Exercise → Return exactly the lines of the records below, starting at the line that contains "Non-Iron Supima White" and ending at the line that contains "Fishing - Winter trout fishing on Shasta!", with both of those lines kept.

Task material →
--------------------

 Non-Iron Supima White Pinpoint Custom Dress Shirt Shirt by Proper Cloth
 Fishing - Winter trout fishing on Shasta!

--------------------

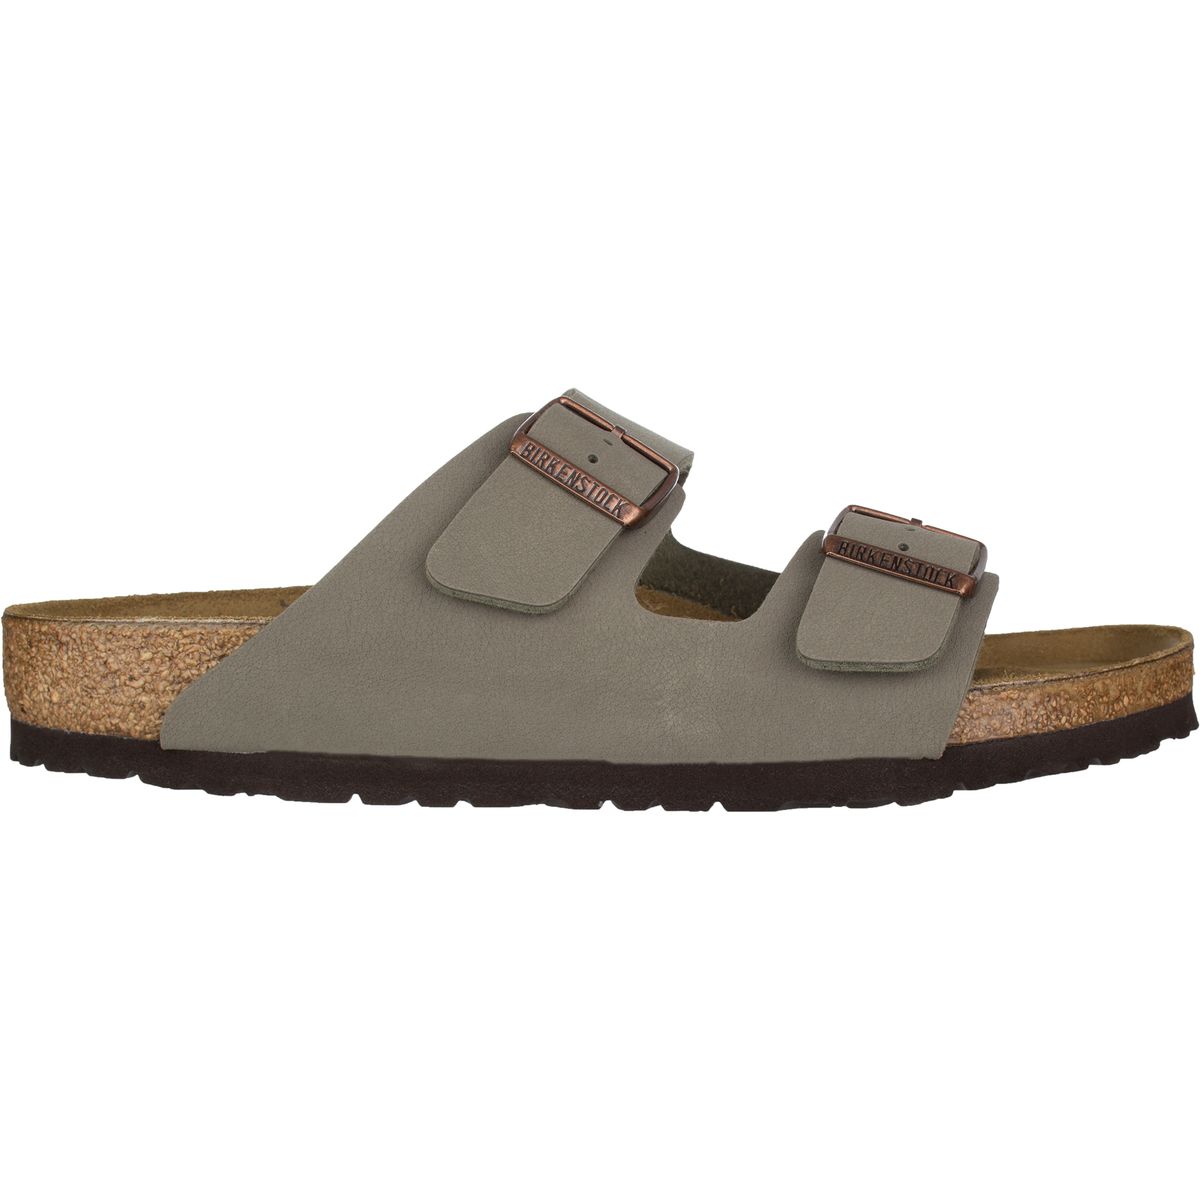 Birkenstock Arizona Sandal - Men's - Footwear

--------------------

Task answer →
 Non-Iron Supima White Pinpoint Custom Dress Shirt Shirt by Proper Cloth
 Fishing - Winter trout fishing on Shasta!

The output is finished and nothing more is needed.